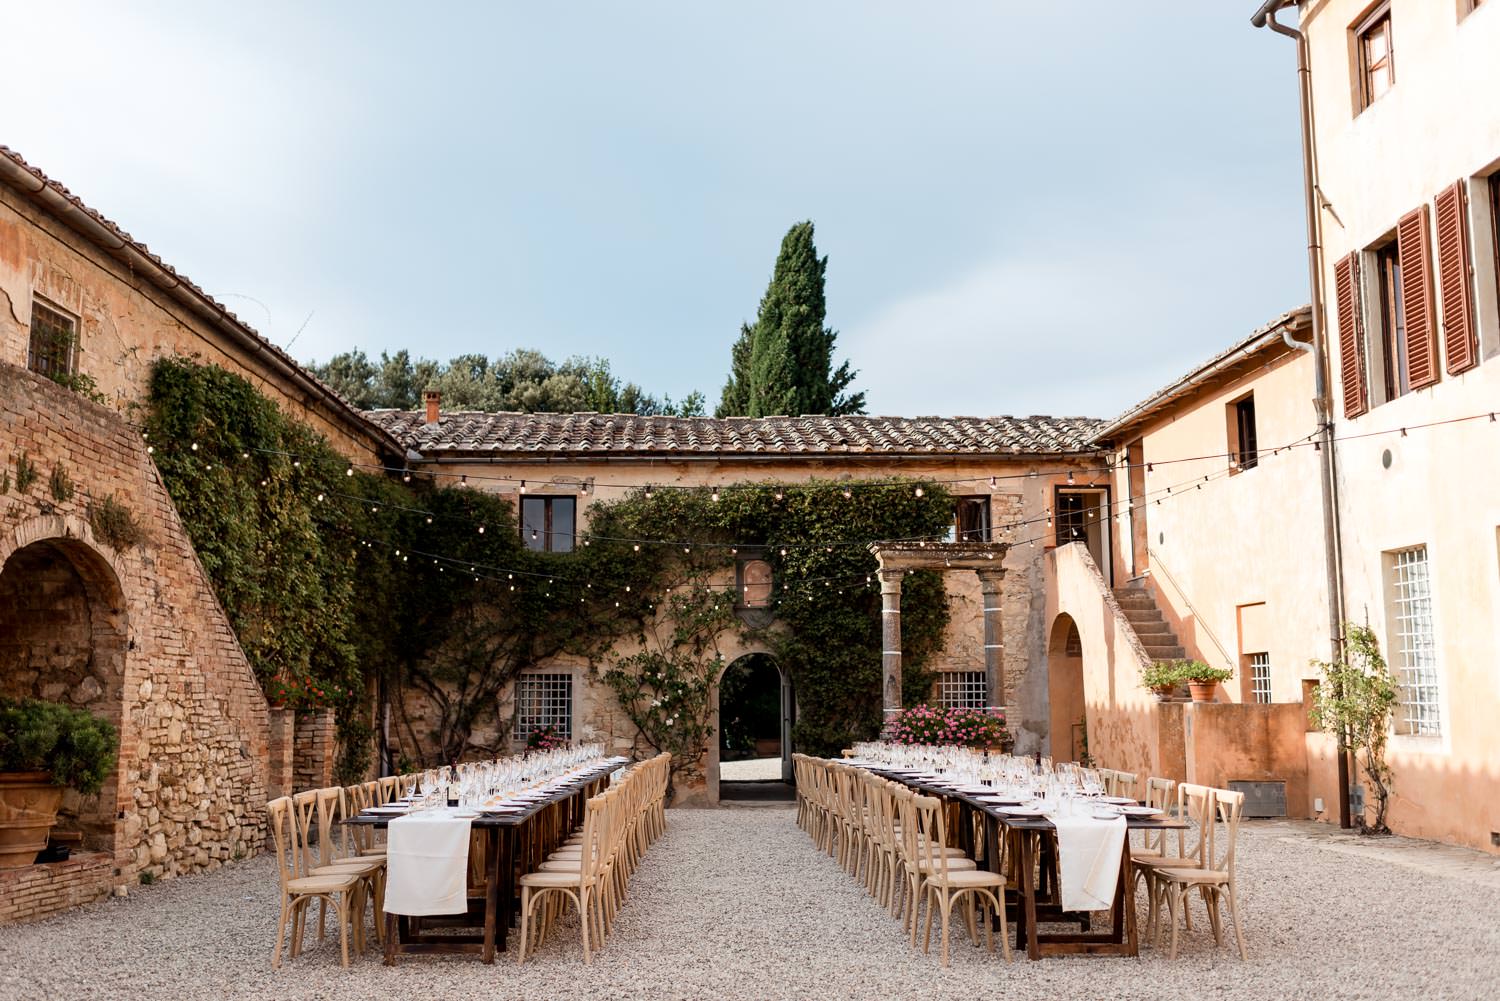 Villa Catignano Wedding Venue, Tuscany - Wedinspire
--
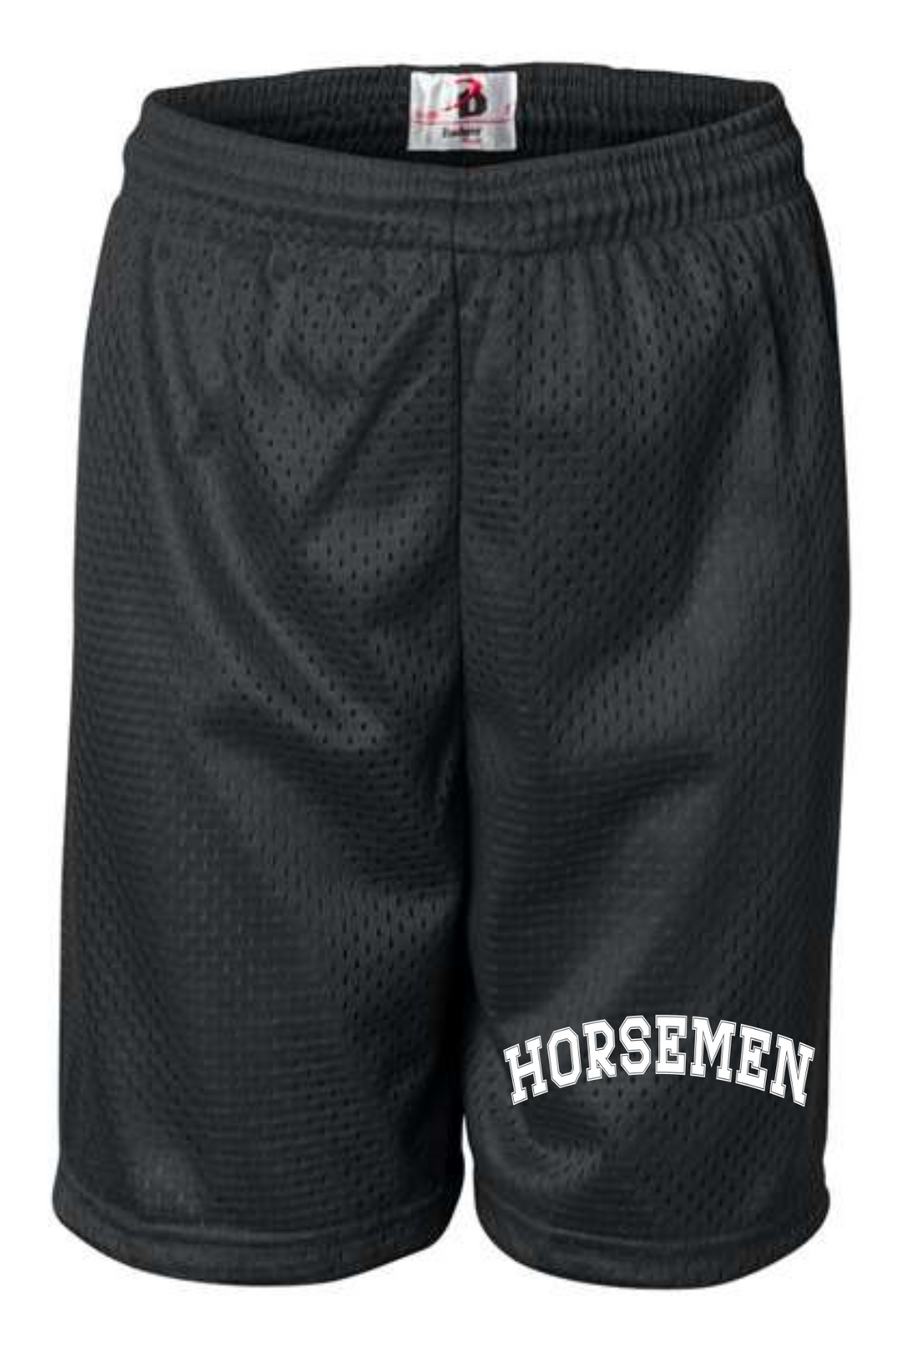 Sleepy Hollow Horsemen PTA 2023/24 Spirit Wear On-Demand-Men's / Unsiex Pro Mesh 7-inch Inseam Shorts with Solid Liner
* * *
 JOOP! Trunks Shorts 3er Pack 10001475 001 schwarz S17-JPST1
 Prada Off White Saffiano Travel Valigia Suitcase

About this task: Retype exactly, and only, the lines above from the one where "JOOP! Trunks Shorts" occurs up to and including the one where "Prada Off White" occurs.

Task response:
 JOOP! Trunks Shorts 3er Pack 10001475 001 schwarz S17-JPST1
 Prada Off White Saffiano Travel Valigia Suitcase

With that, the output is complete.